Where do we draw the line in the sand? Where do we say, "enough is enough"? At what point do we stop simply signing petitions and, instead, start fighting back against a culture that is killing us all? Egypt has set an example. Wisconsin has, too.
In his 2006 book, Endgame, Derrick Jensen reminds us that if we are "propping up industrialized civilization", we are ipso facto promoting violence. He further reminds us that "Civilization is not redeemable. This culture will not undergo any sort of voluntary transformation to a sane and sustainable way of living. If we do not put a halt to it, civilization will continue to eviscerate the vast majority of humans and to degrade the planet until it (civilization, and probably the planet) collapses."
Jensen's not a lone wolf. There are plenty of people saying this. And, it's not even a particularly recent theme. Herbert Marcuse, for example, sang the same song in the late 1960's in An Essay on Liberation when he argued that traditional conceptions of human freedom have been rendered obsolete by the development of advanced industrial society.
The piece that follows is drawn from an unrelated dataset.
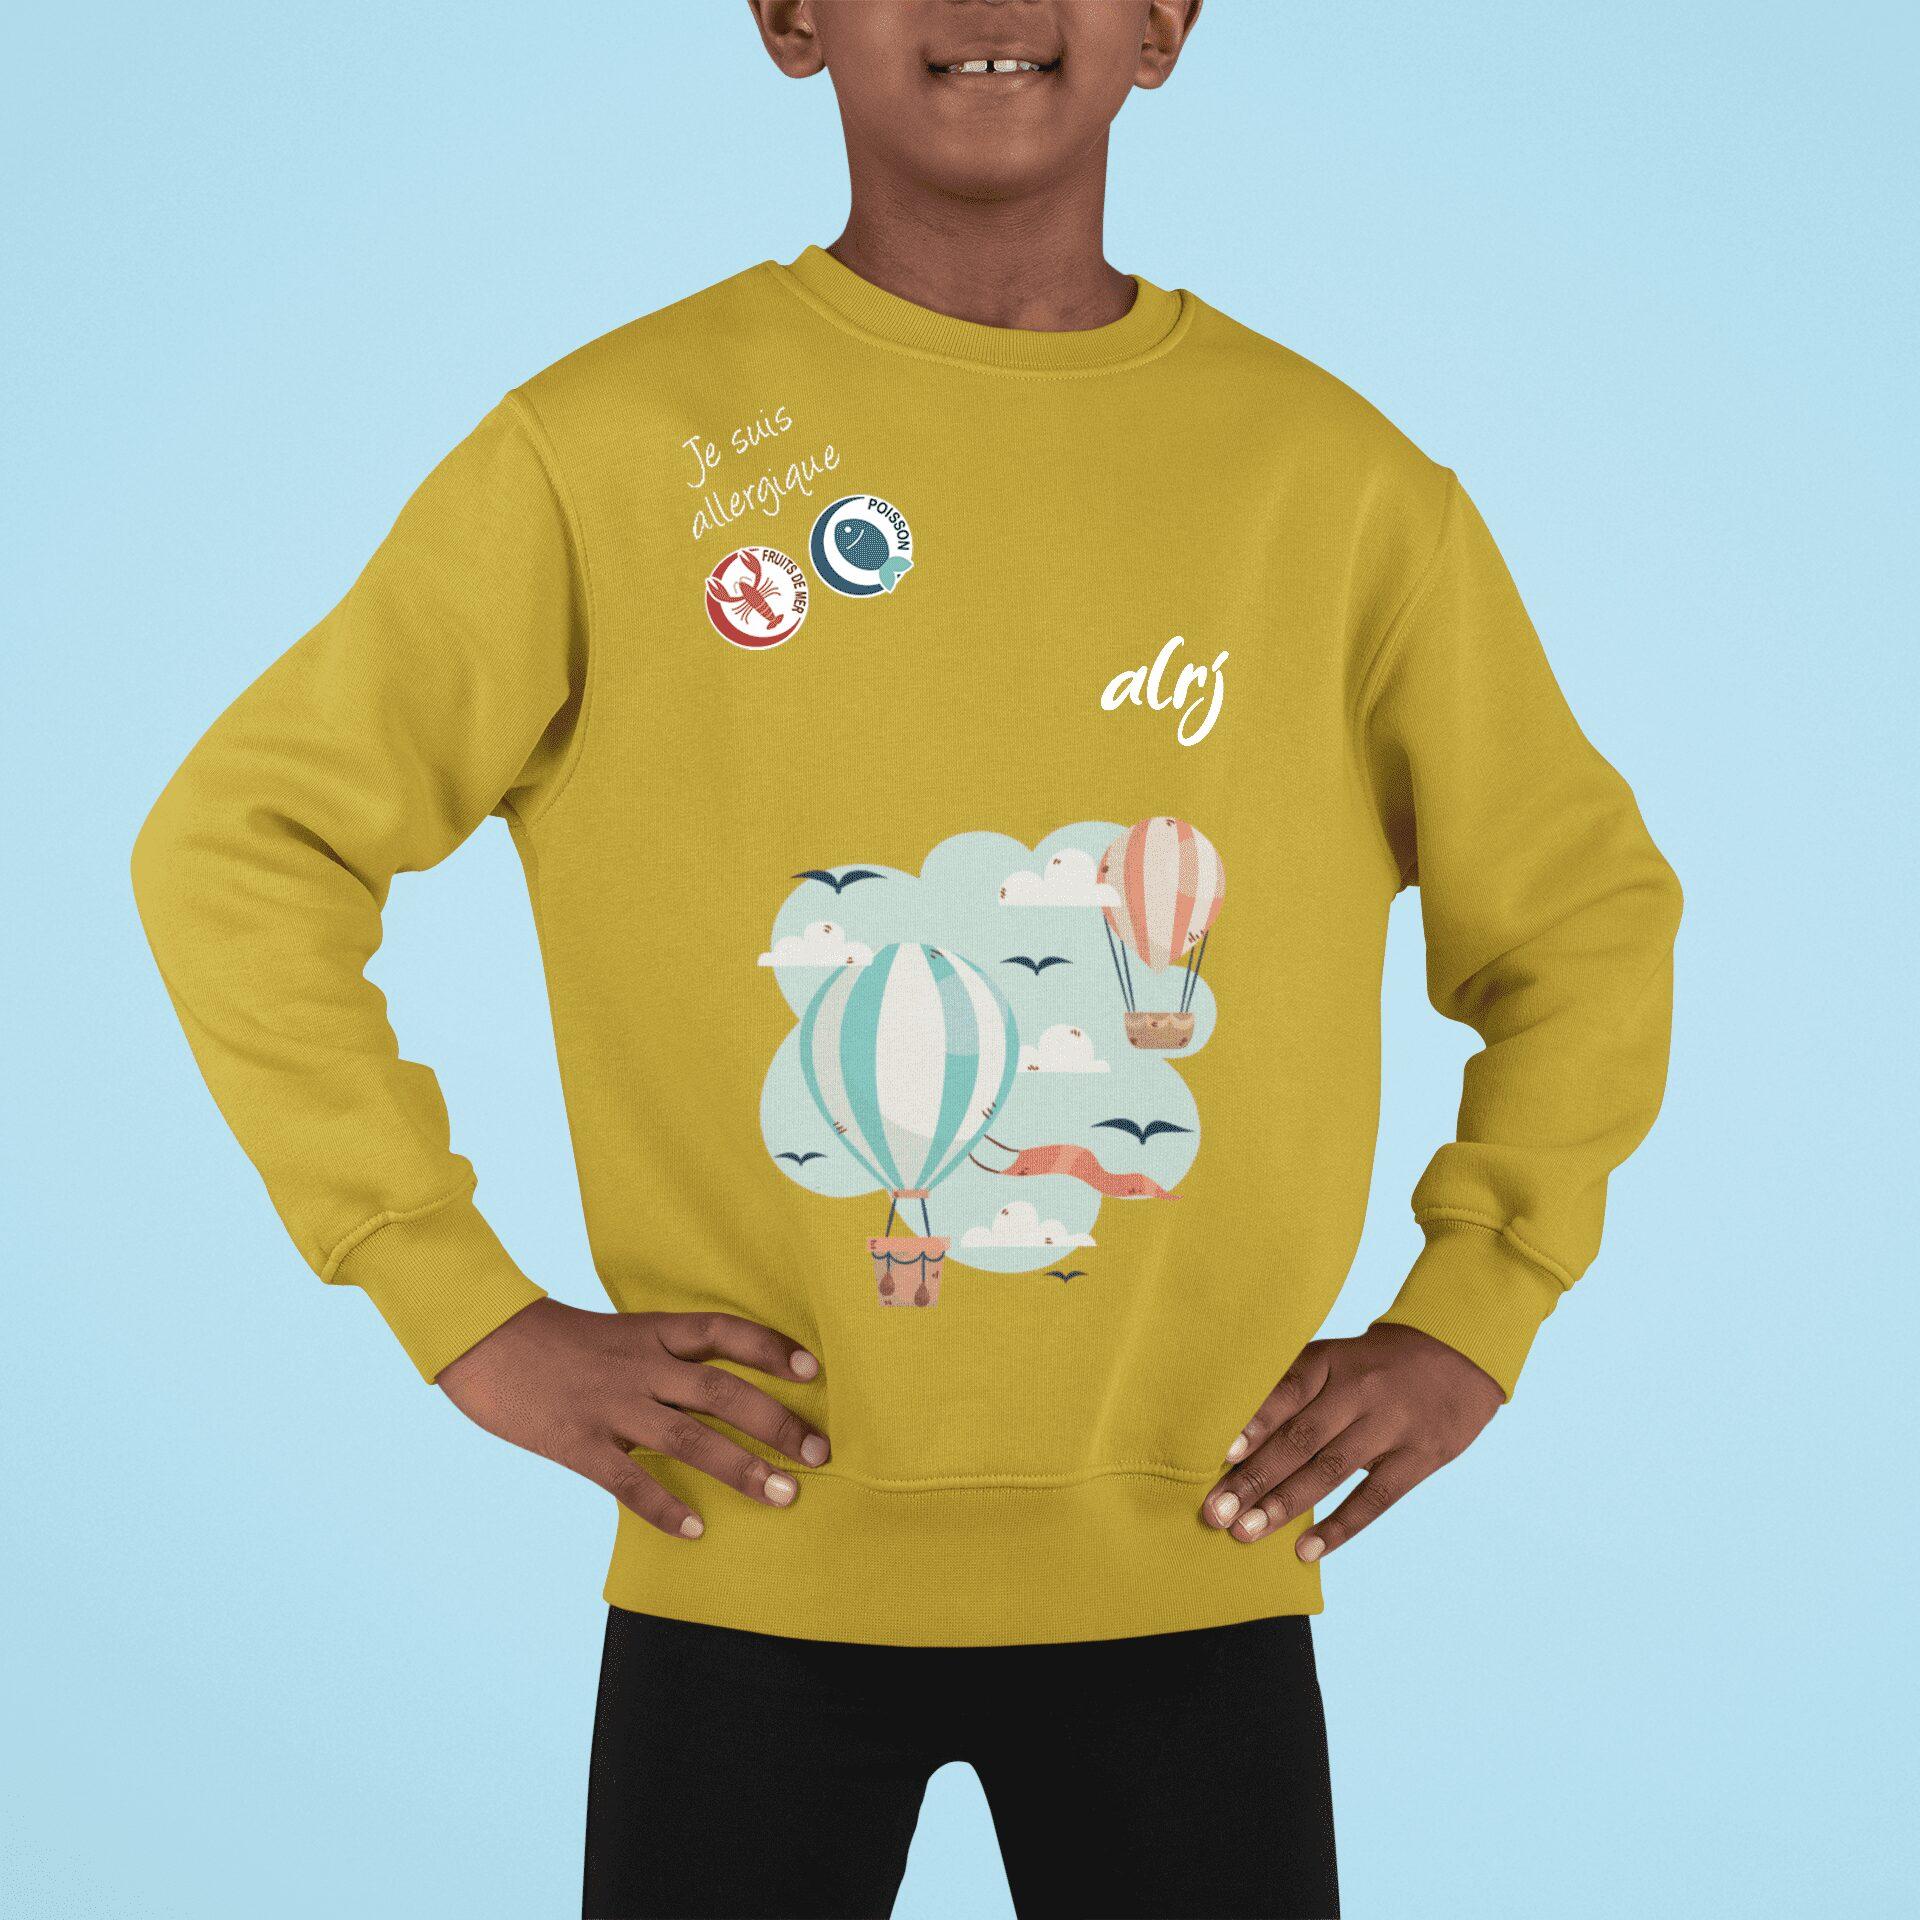 garçon portant un pull alrj affichant ses allergies alimentaires motif montgolfière
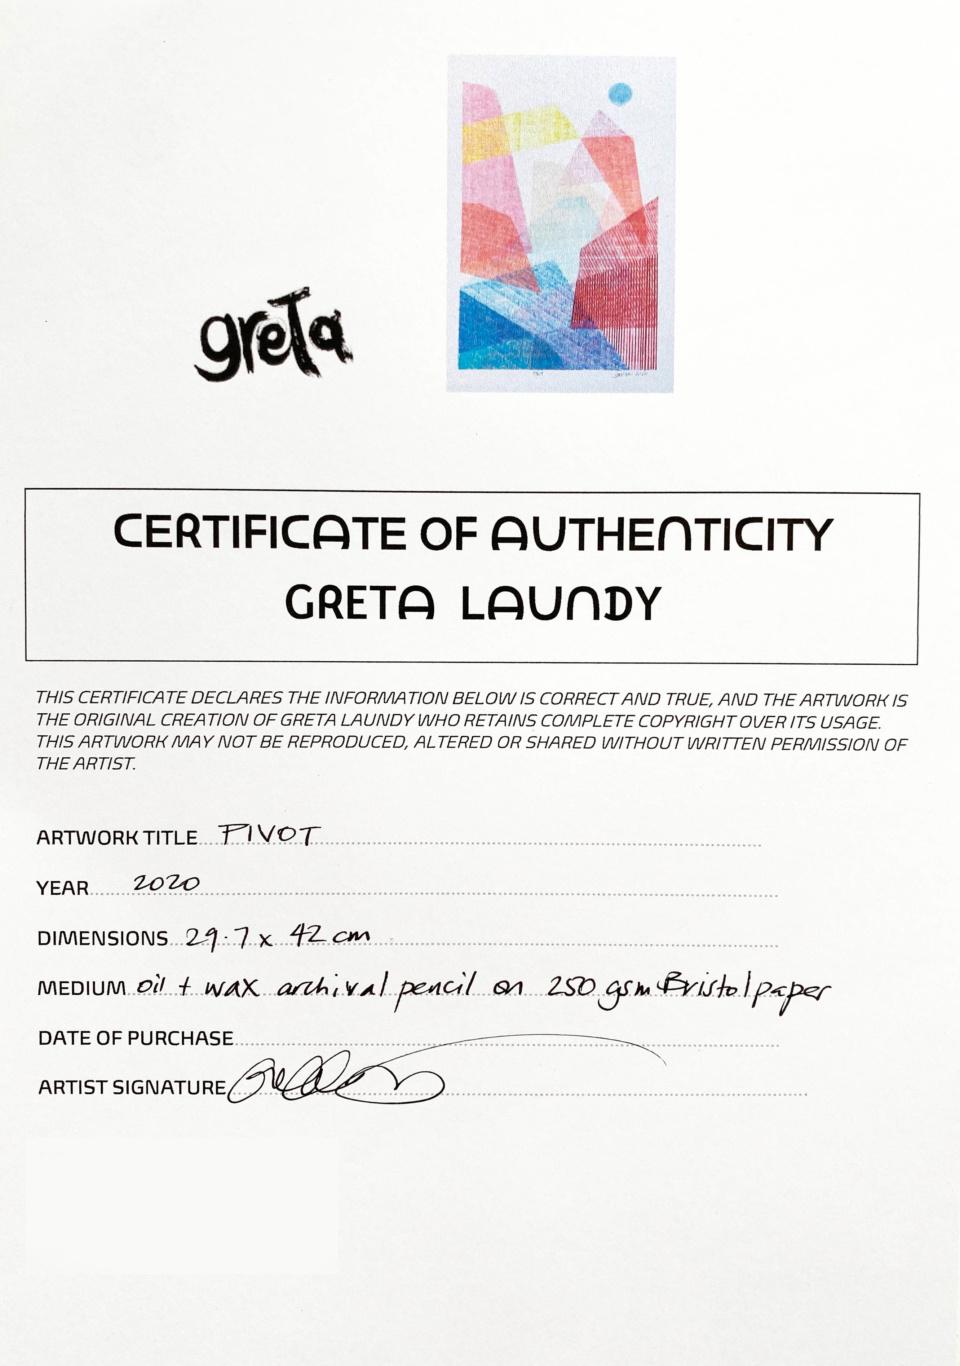 Greta Laundy Pivot COA

Marcuse closes the essay by saying that "the construction of a free society would create new incentives for work." He clarifies that "in exploitive societies, the so-called work instinct is mainly the introjected necessity to perform productively in order to earn a living." The One Dimensional Man.
The wheels are coming off of the wagon. Trying to keep putting them back on is like sticking our fingers in a hole in the dike: an unsustainable, "little picture" attempt to "solve" the problem. It's time to draw a line in the sand. It's time to realize that there really isn't any "fixing" the corporate whore that we call "the government". As Marcuse wrote, "The Great Refusal takes a variety of forms."